If you follow the wellness world closely you’ll know that last year was a big year for good old oil.
No, not face oils, which also had a huge year in the spotlight – we’re talking about the regular household oil you cook your potatoes and pancakes with.
Health influencers touted the wildly controversial health benefits of coconut oil which then sparked a wider debate about which oils we should all be cooking.
There was a big song and dance about certain oils turning carcinogenic (having the potential to cause cancer) when they are heated, especially to the point of smoking (which is known as the ‘smoke point’) and everyone reeeeally freaked out.

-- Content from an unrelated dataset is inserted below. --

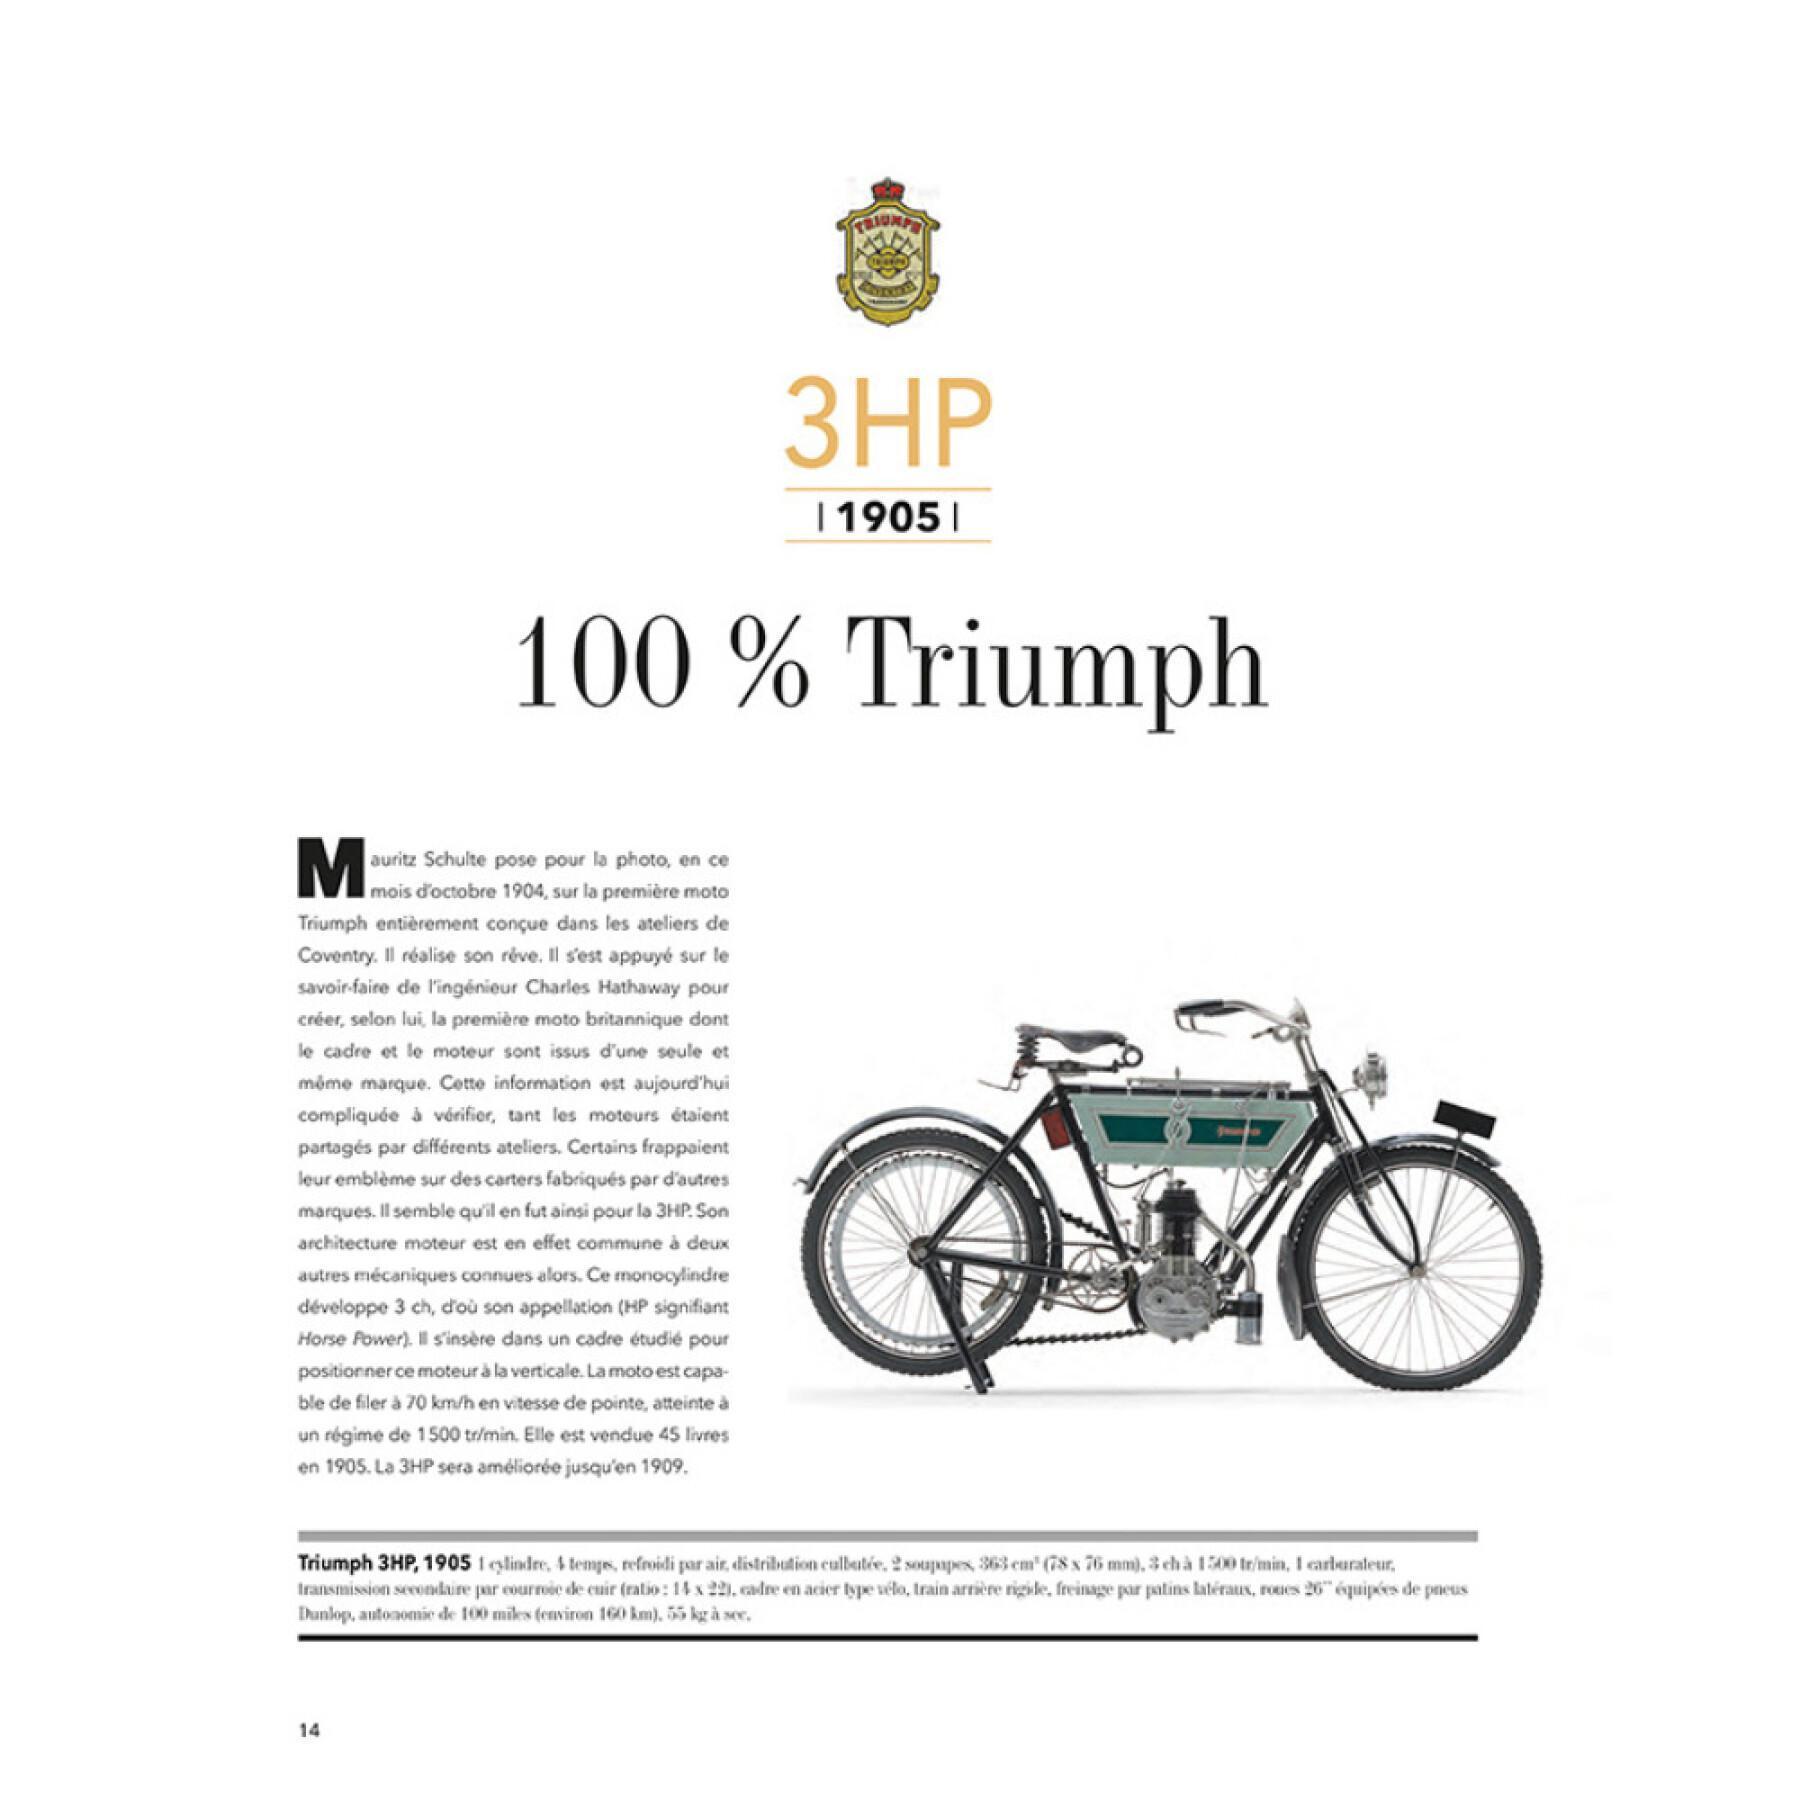 Boek engelse motorkunst ned Kubbick Triumph

Nutritionist Fiona Tuck, Author of The Forensic Nutritionist, noted this general worry when clients started telling her that they had stopped cooking with olive oil because it turns carcinogenic.
The fact is there’s a complex science behind which oils remain okay, and which turn ‘bad’, when cooking.
So much so that the Journal of Food Chemistry and Nutrition published a study on the very topic. The findings from the study are in line with Tuck’s advice to her clients.
“In my opinion, extra virgin olive oil (EVOO) should be the go-to option when it comes to home cooking. It is the healthiest oil we can eat due to its rich antioxidant and anti-inflammatory properties.”
“Whilst EVOO has a lower smoke point than some other vegetable oils, the high antioxidant content protects the oil from breaking down, thereby making it a safe oil to use during cooking,” Tuck told Mamamia.